Carbon fibres as electrodes for the recovery of nickel from industrial wastewater

Abstract

This study presents an innovative approach to the recovery of nickel from industrial wastewater using cost-effective carbon fiber electrodes, aiming to provide a sustainable and scalable solution for industrial effluent management. Carbon fibers offer unique benefits in electrochemical recovery processes due to their high surface area, excellent conductivity, mechanical durability, and compatibility with low-cost production. The optimized conditions, including a deposition potential of 4 V, pH 3.5, and temperature of 60 °C, achieved a high nickel recovery efficiency of 90%, with minimal energy consumption at 3 kW h per kilogram of nickel. This efficiency was verified through Scanning Electron Microscopy (SEM) and Energy Dispersive X-ray (EDX) analyses, which revealed uniform and dense nickel coatings on the carbon fibers, even under continuous operation.
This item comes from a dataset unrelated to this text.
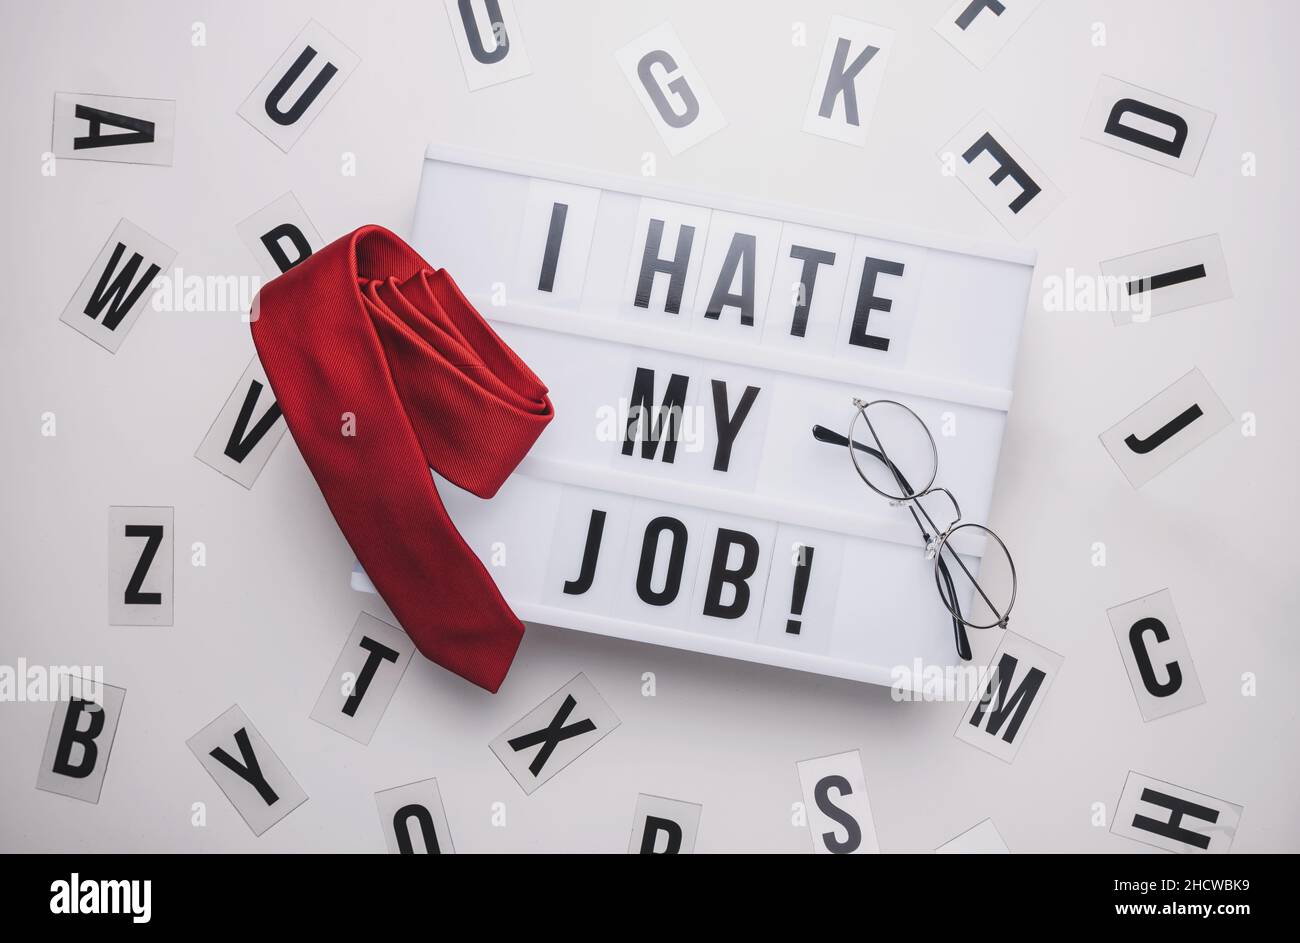 Lightbox with words I Hate My Job and office glasses with red tie, business concept image Stock Photo

Fourier Transform Infrared Spectroscopy (FTIR) and X-ray diffraction (XRD) confirmed successful nickel deposition and modifications to the carbon fiber surface chemistry, enhancing the adsorption and reduction of nickel ions. Using carbon fiber electrodes in this process addresses several limitations in traditional electrode materials by reducing costs, improving scalability, and supporting continuous, large-scale nickel recovery. This method offers a viable alternative to conventional electrochemical metal recovery and contributes to circular resource utilization by recycling valuable metals from wastewater. With regulatory pressures increasing around heavy metal discharge limits, this carbon fiber-based electrodeposition process presents a highly promising solution for industrial wastewater treatment, combining environmental sustainability with economic feasibility.